◆ **How to complete this task**: The answer should hold only the lines from the one containing "Stressed businesswoman - Stock Image" through the one containing "La Namibia, Etosha" in the entries below, copied exactly, without pictures.

◆ **Data to examine**:

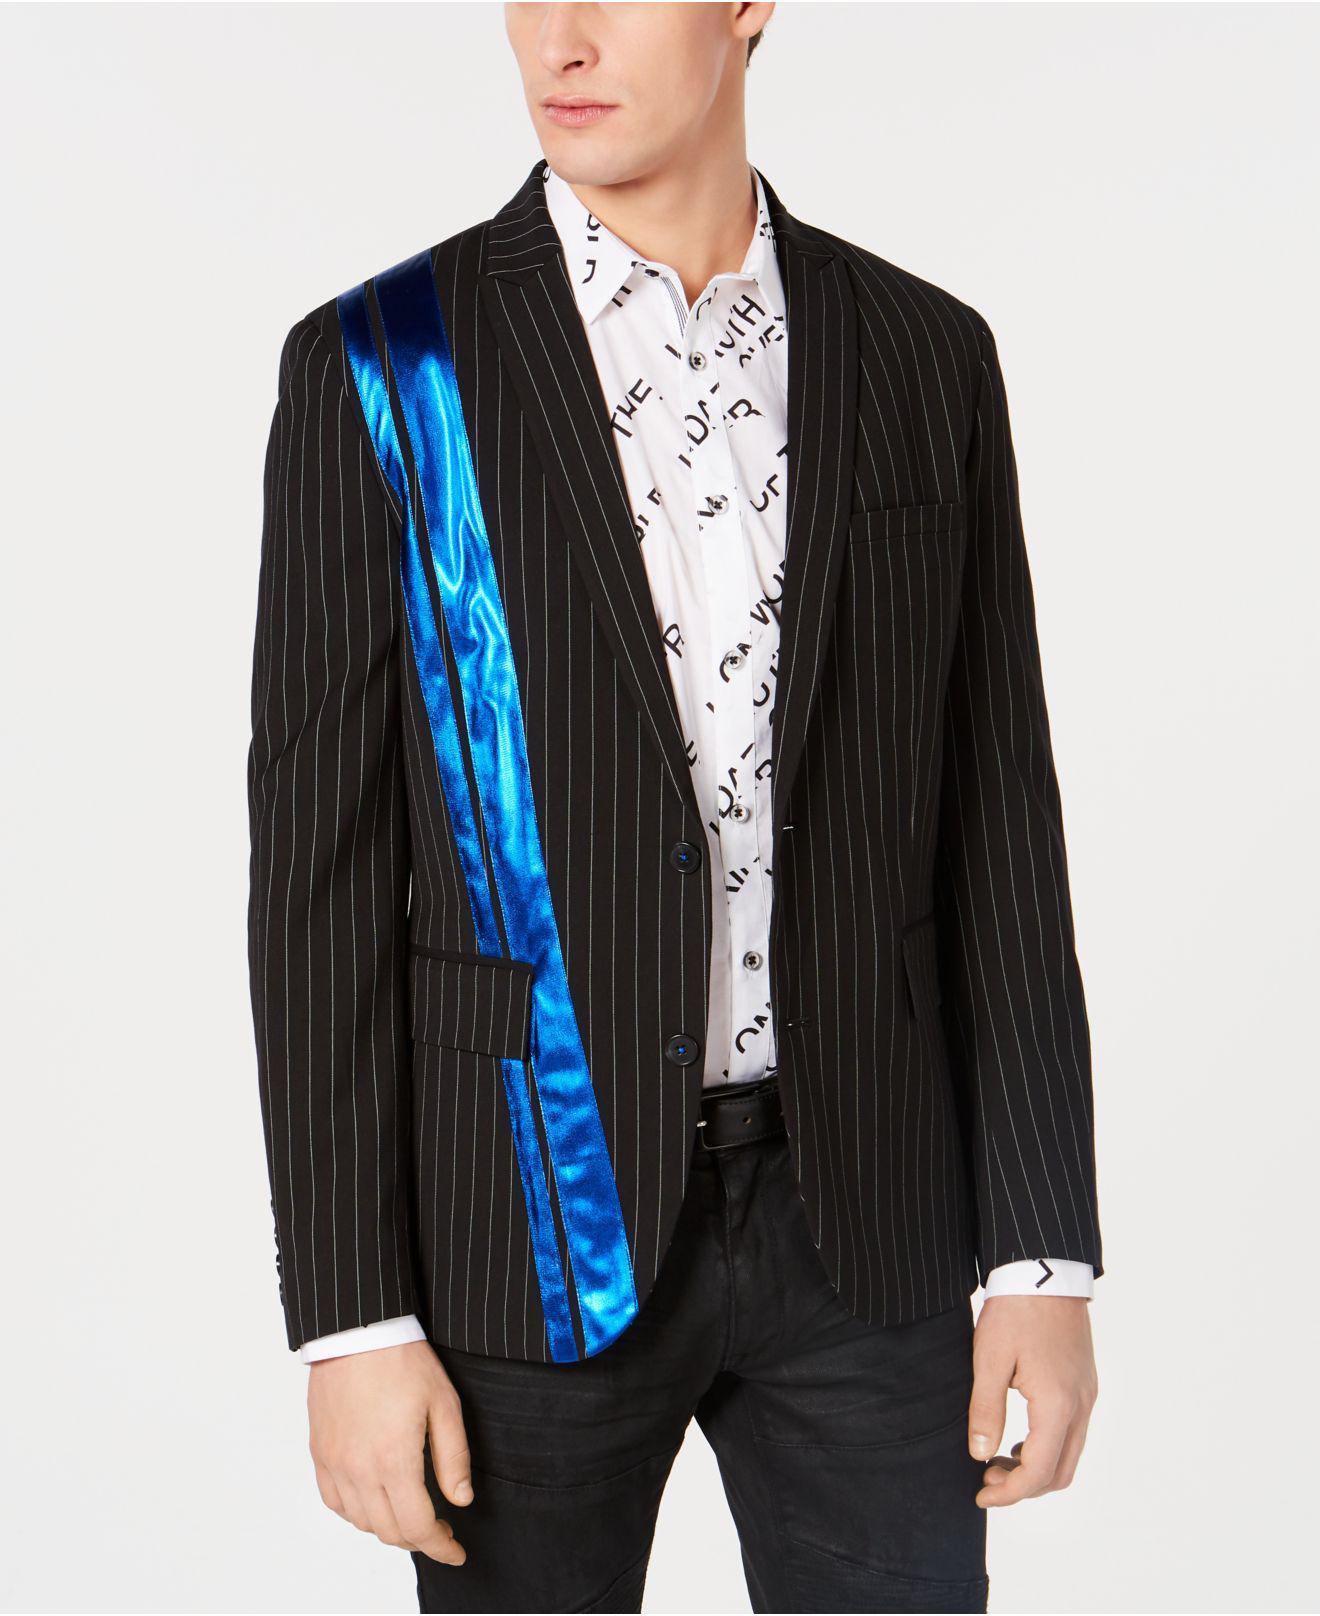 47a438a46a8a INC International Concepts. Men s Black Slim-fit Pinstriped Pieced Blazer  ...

...

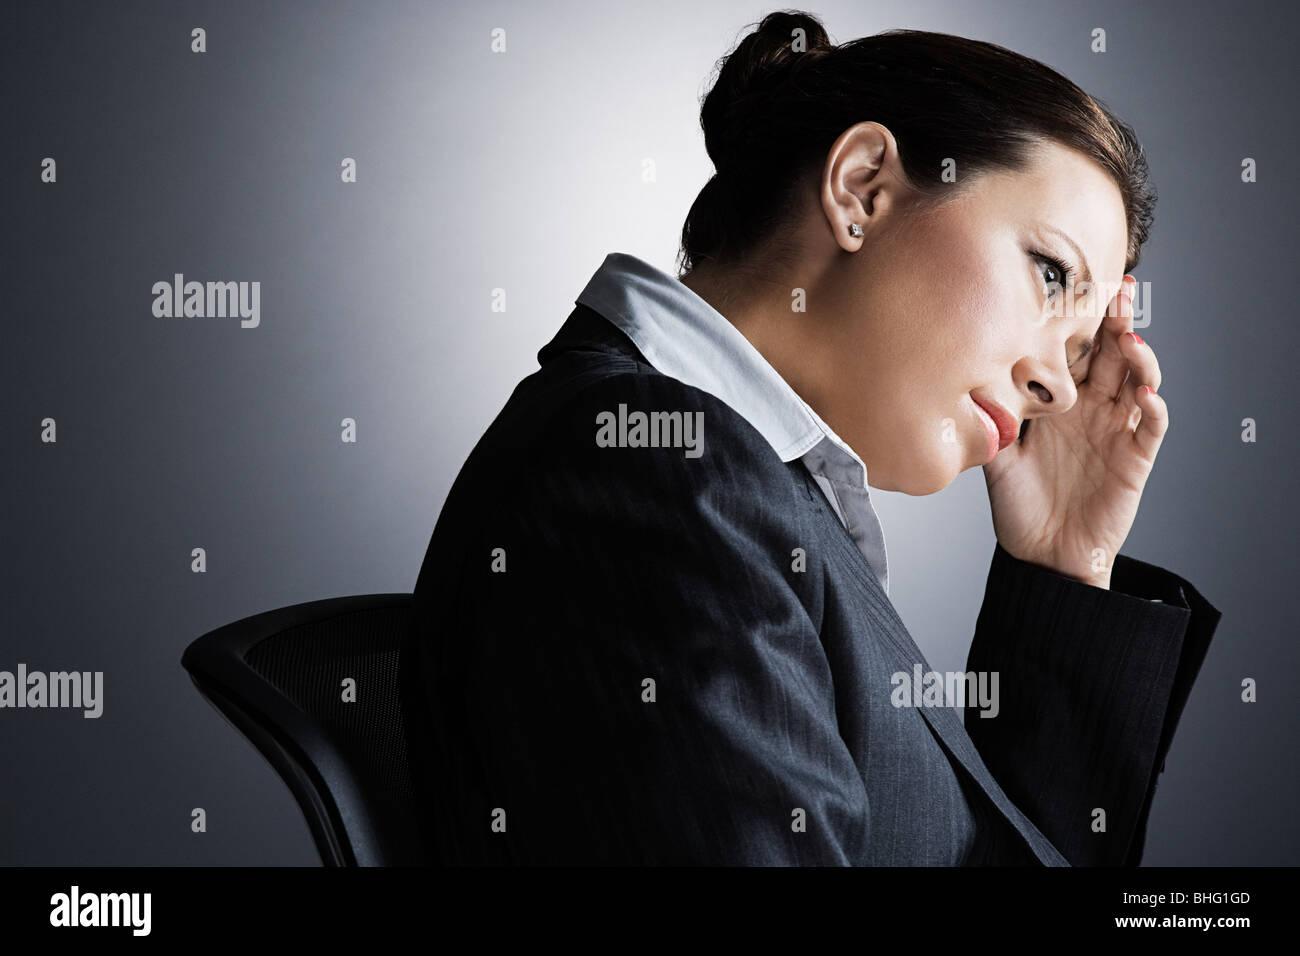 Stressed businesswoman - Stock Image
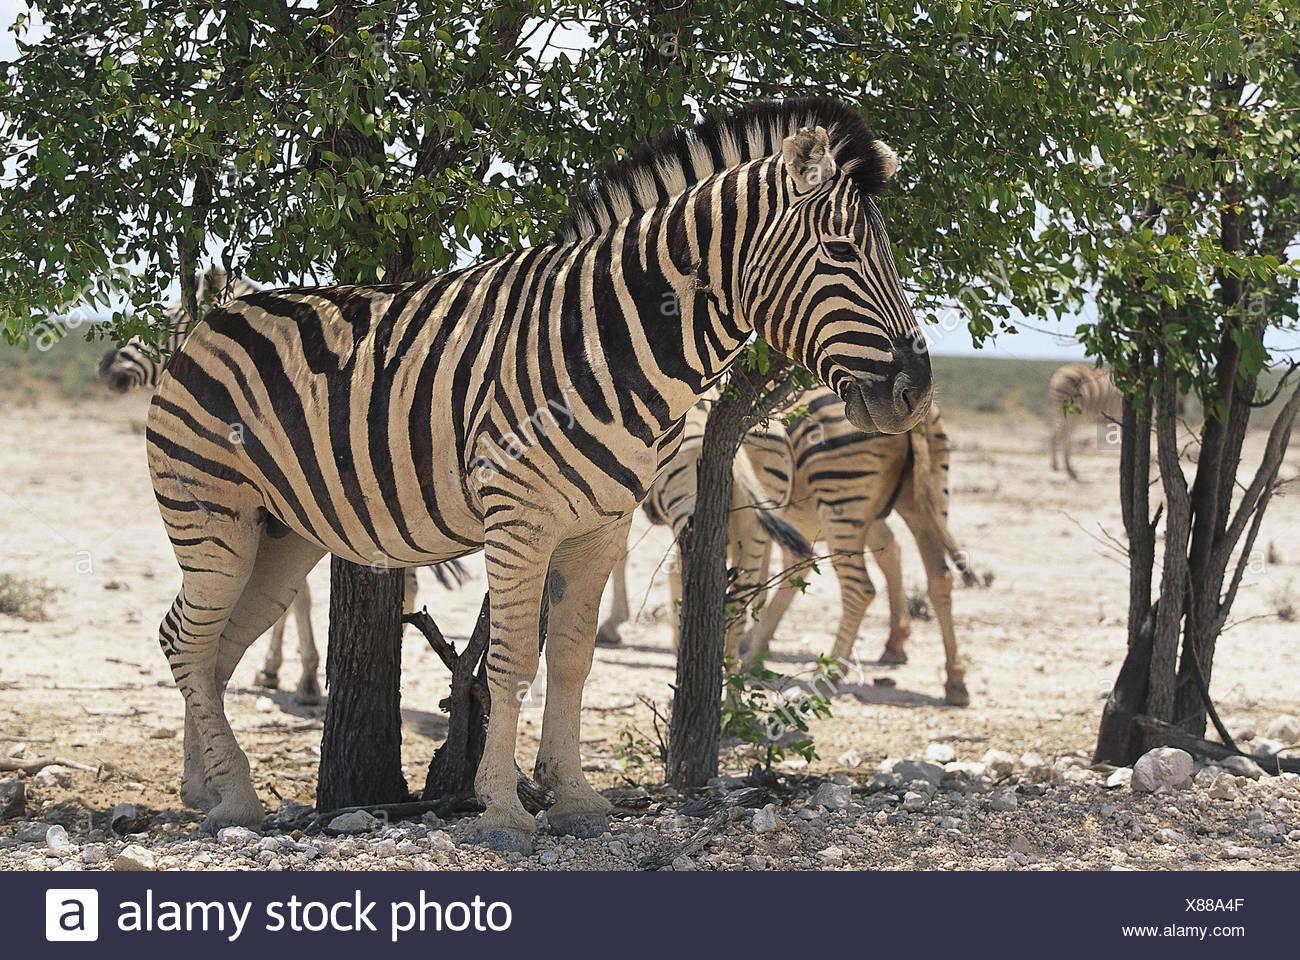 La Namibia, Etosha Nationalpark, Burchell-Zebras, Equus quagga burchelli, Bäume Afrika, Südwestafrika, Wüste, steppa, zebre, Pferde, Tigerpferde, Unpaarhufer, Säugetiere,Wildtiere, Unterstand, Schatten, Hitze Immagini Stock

◆ **Solution for this task**:
 Stressed businesswoman - Stock Image
 La Namibia, Etosha Nationalpark, Burchell-Zebras, Equus quagga burchelli, Bäume Afrika, Südwestafrika, Wüste, steppa, zebre, Pferde, Tigerpferde, Unpaarhufer, Säugetiere,Wildtiere, Unterstand, Schatten, Hitze Immagini Stock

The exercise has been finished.